==== Collected data

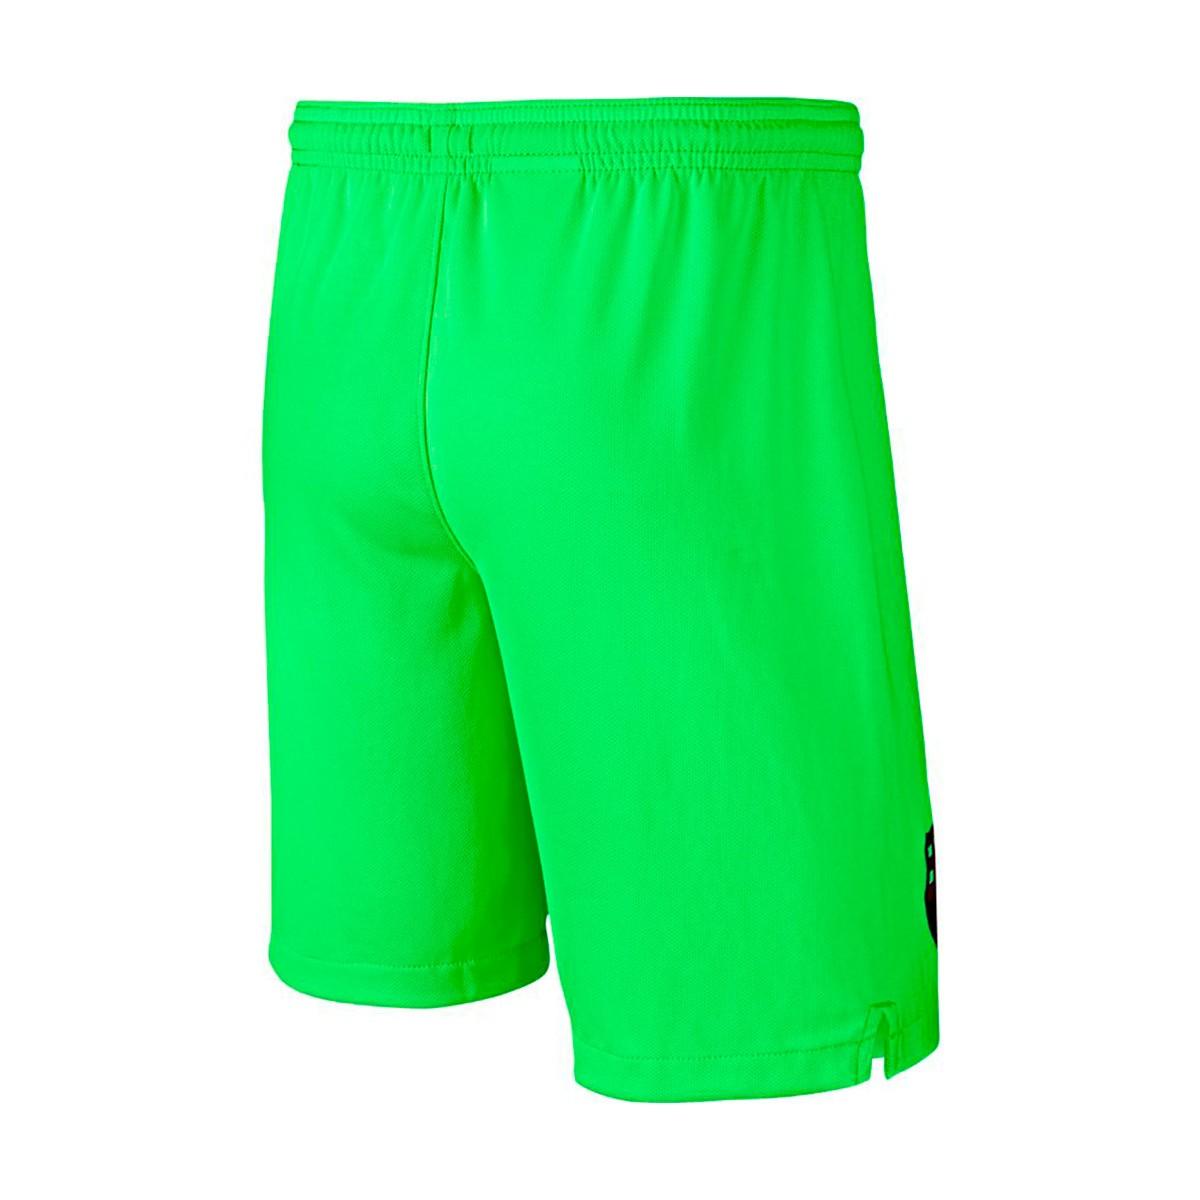 09d0a2646239 Nike Kids Goalkeeper FC Barcelona Stadium 2018-2019 Home Shorts. Green  strike-Black ...
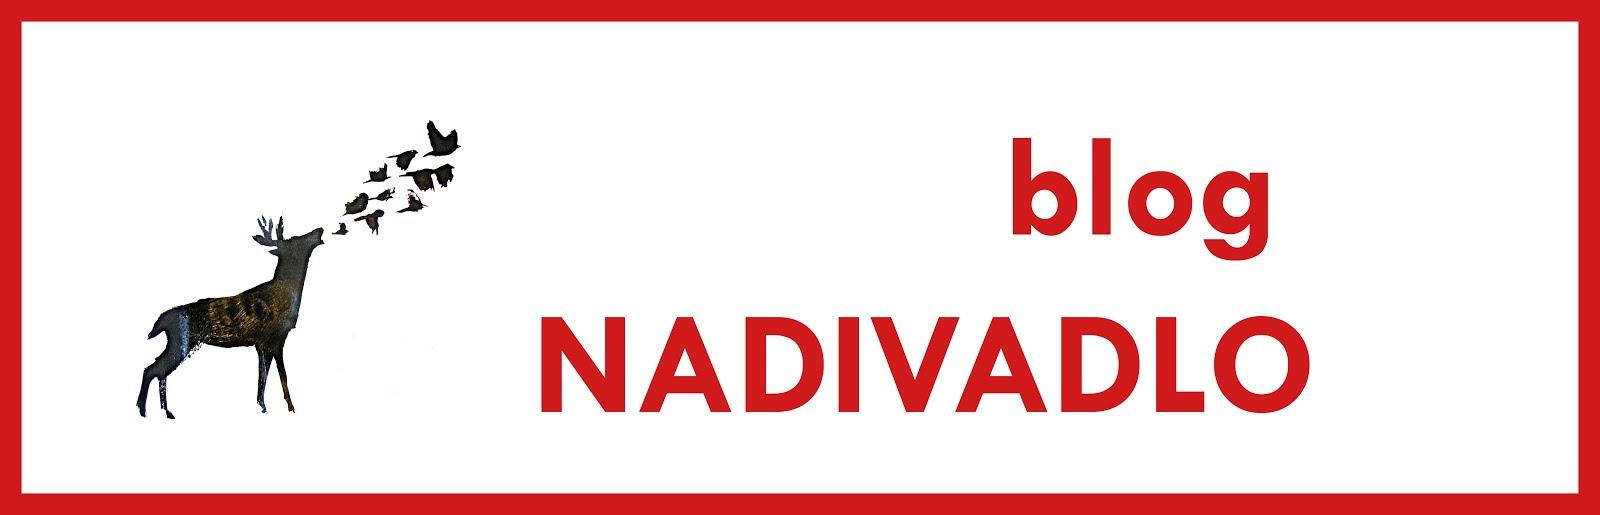 blog NADIVADLO
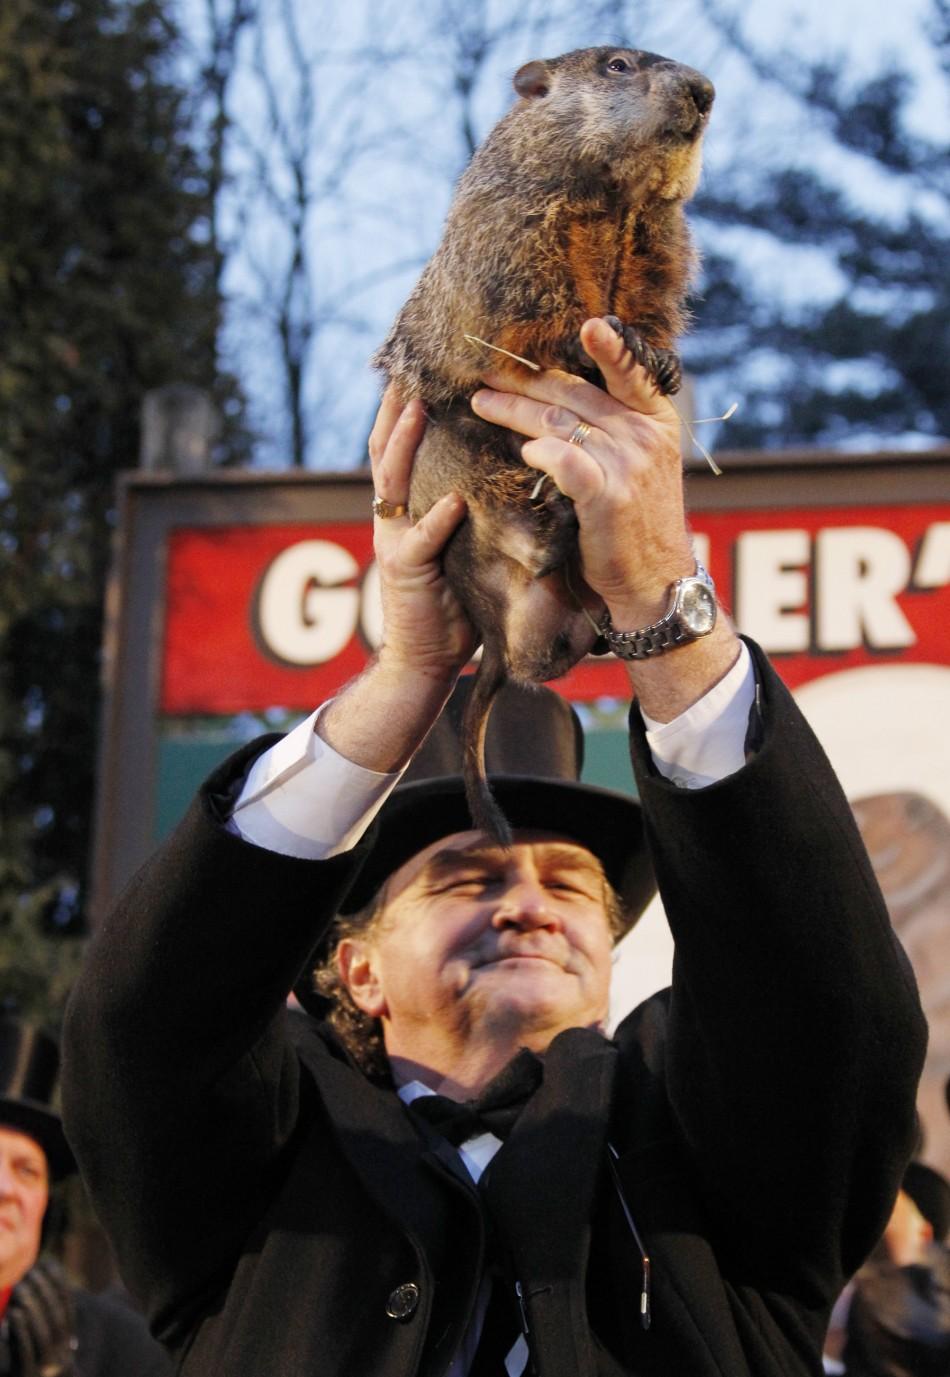 Groundhog Day 2014: Punxsutawney Phil Sees His Shadow
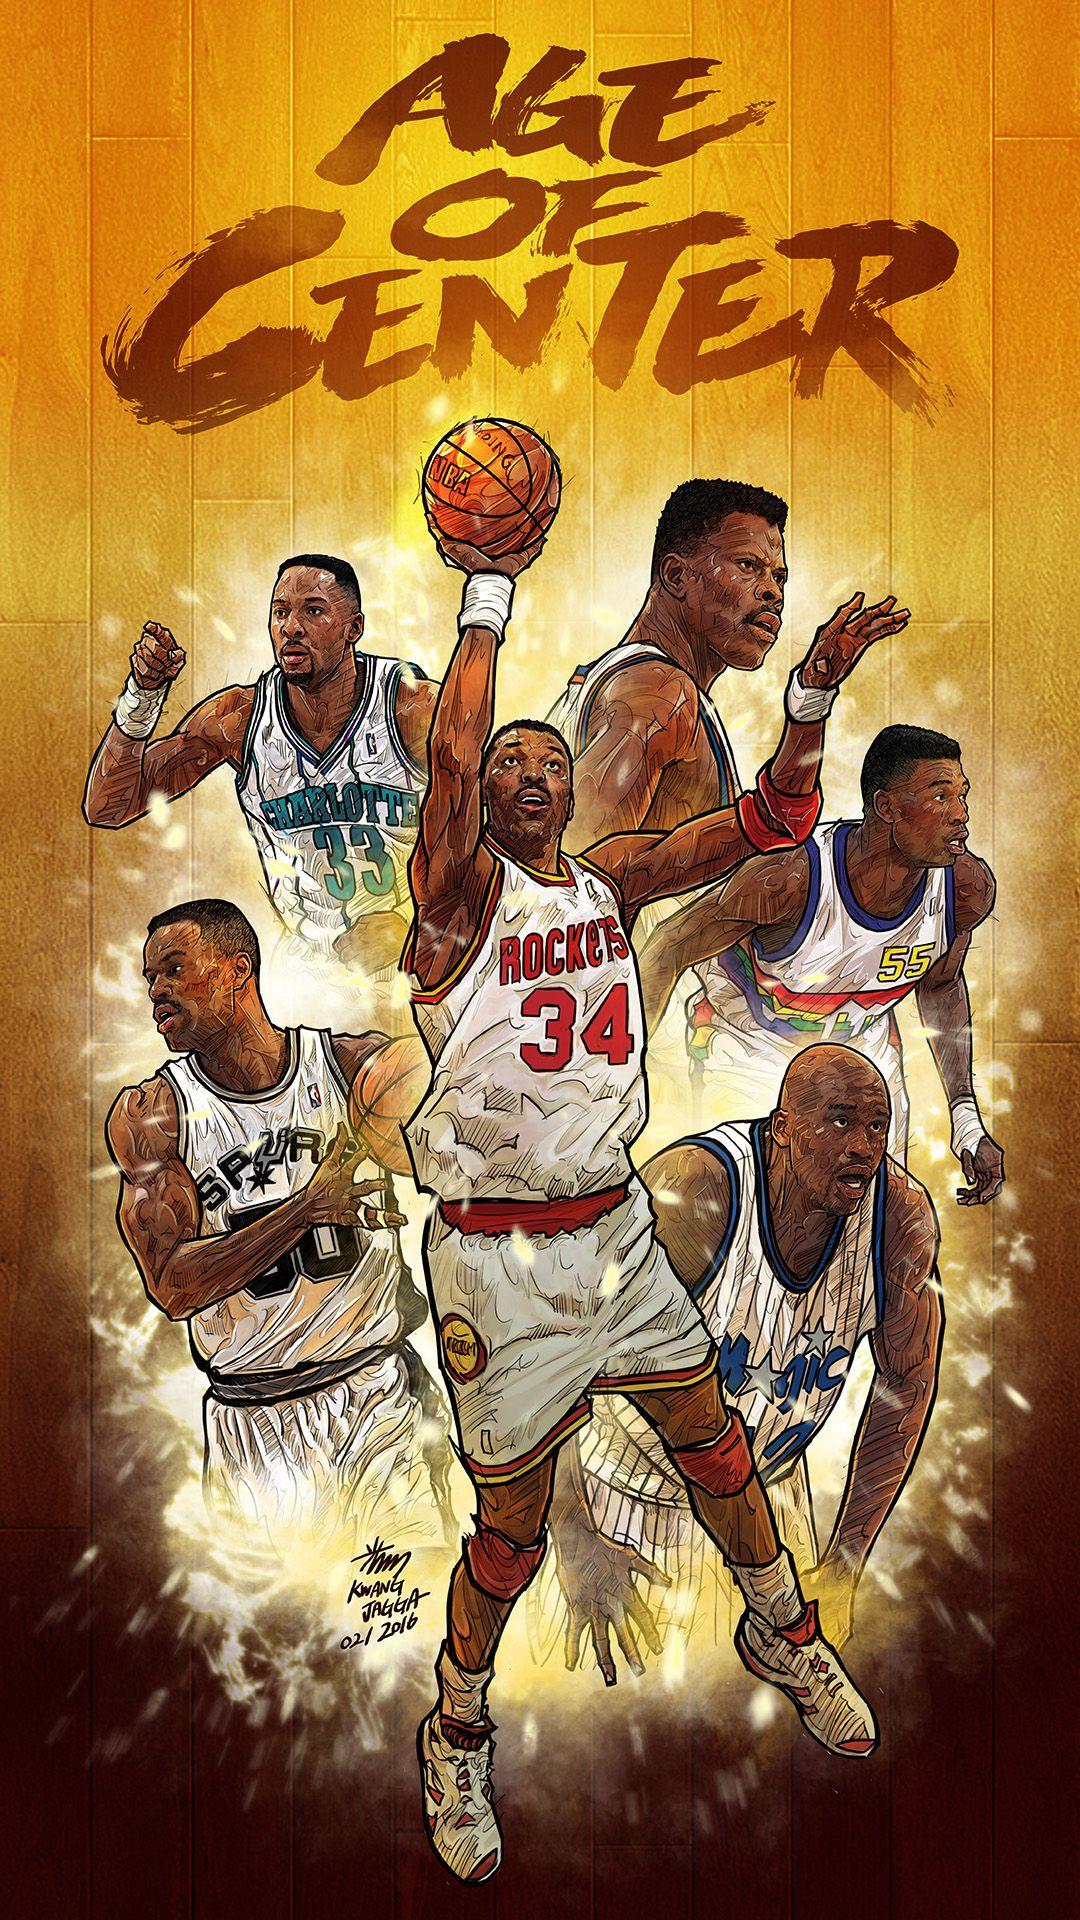 Smartphone Lock Screen Wallpaperkwang Jagga Illustration1080 X 1920 9 16apple I Phone 5 6 6s 6 6s Samsung G Nba Basketball Art Basketball Art Nba Art

========

Work item: From the first line to the last, retype the material exactly and exclude the pictures.

Result for this task:
 09d0a2646239 Nike Kids Goalkeeper FC Barcelona Stadium 2018-2019 Home Shorts. Green  strike-Black ...
 blog NADIVADLO
 Groundhog Day 2014: Punxsutawney Phil Sees His Shadow
 Smartphone Lock Screen Wallpaperkwang Jagga Illustration1080 X 1920 9 16apple I Phone 5 6 6s 6 6s Samsung G Nba Basketball Art Basketball Art Nba Art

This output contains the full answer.